Terkait aksi mogok makan ini, Taufiq pun menjelaskan adanya hubungan yang erat antara kedaulatan petani dengan ketersediaan pangan kita. “Makan itu pasti berkaitan dengan pangan, petani itu kan produsen pangan, jadi kalo dikriminalisasi, maka krisis pangan berpotensi terjadi. Selain itu, konflik ini adalah konflik agraria, jadi kalo tanah itu dirampas, ya Petani Pakel dan warga sekitar yang makan dari hasil pertanian sangat terdampak. Maka kalo ga ada lahan [untuk petani], akan terjadi krisis pangan,” tegas Taufiq.
Pernyataan Sikap Solidaritas dari Bali untuk Warga Pakel, Banyuwangi
Peristiwa penangkapan yang semena-mena, terlebih kepada mereka yang memperjuangkan hak dan keberlangsungan banyak orang justru semakin memperkuat ikatan antar warga, baik di Desa Pakel maupun daerah-daerah lainnya. Aksi-aksi solidaritas terus dilakukan dan dukungan semakin bertumbuh. Untuk itu, kami Solidaritas dari Bali untuk Petani Pakel, Banyuwangi menyatakan:
1. Kami mengecam penculikan dan penangkapan 3 petani Pakel yang sedang berjuang atas tanahnya. Bebaskan mereka segera!

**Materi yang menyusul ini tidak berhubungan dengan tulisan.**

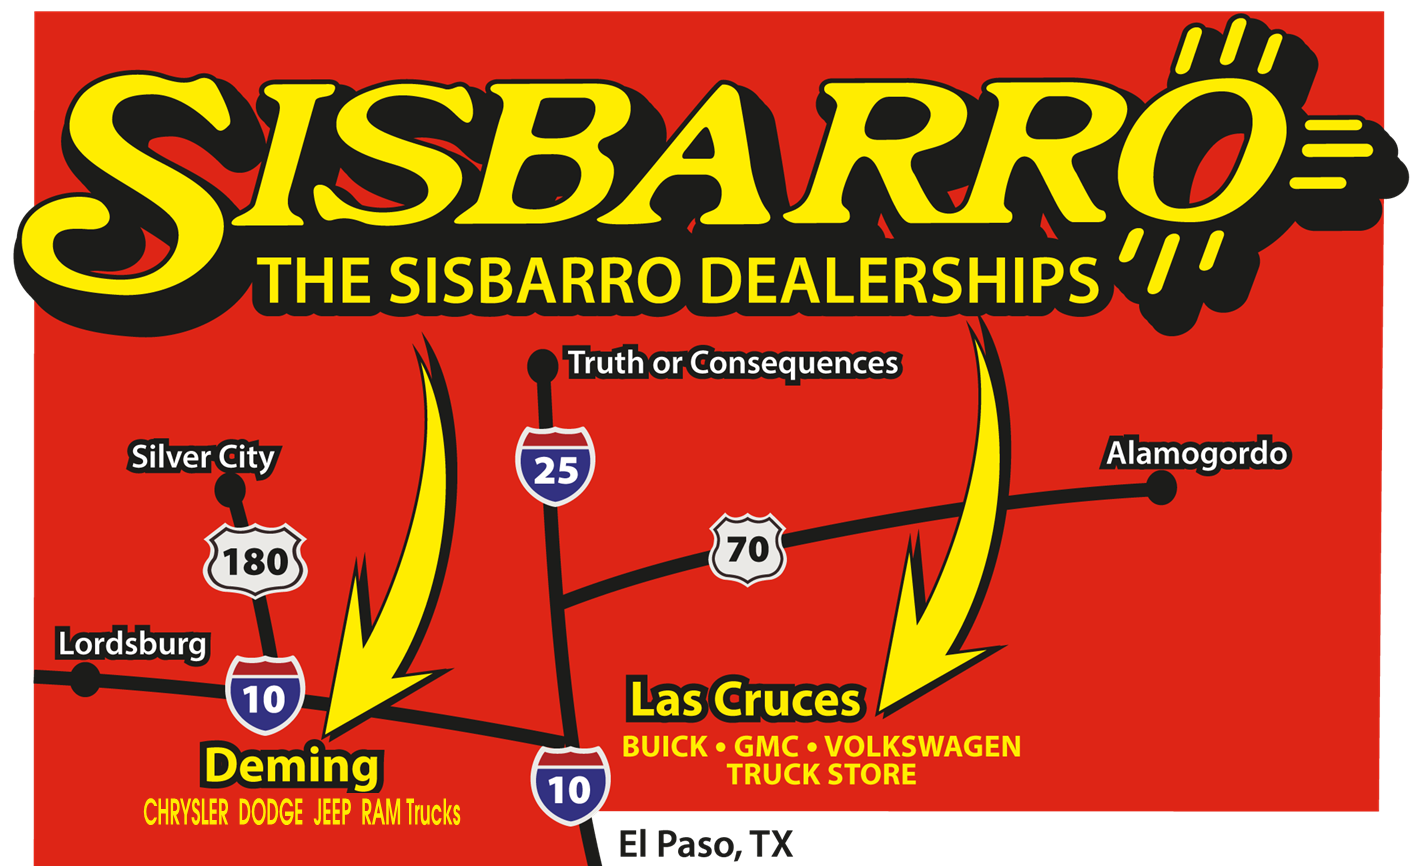 The Sisbarro Dealerships in Las Cruces NM

2. Kami menuntut PT Bumi Sari agar keluar dari bumi Pakel, Banyuwangi dan menyerahkan kembali tanah yang selama ini mereka kuasai kepada warga Pakel.
3. Hentikan tindakan semena-mena aparat dan negara khususnya kepada rakyat yang sampai hari ini harus berjuang mendapatkan hak atas tanah, air dan penghidupannya!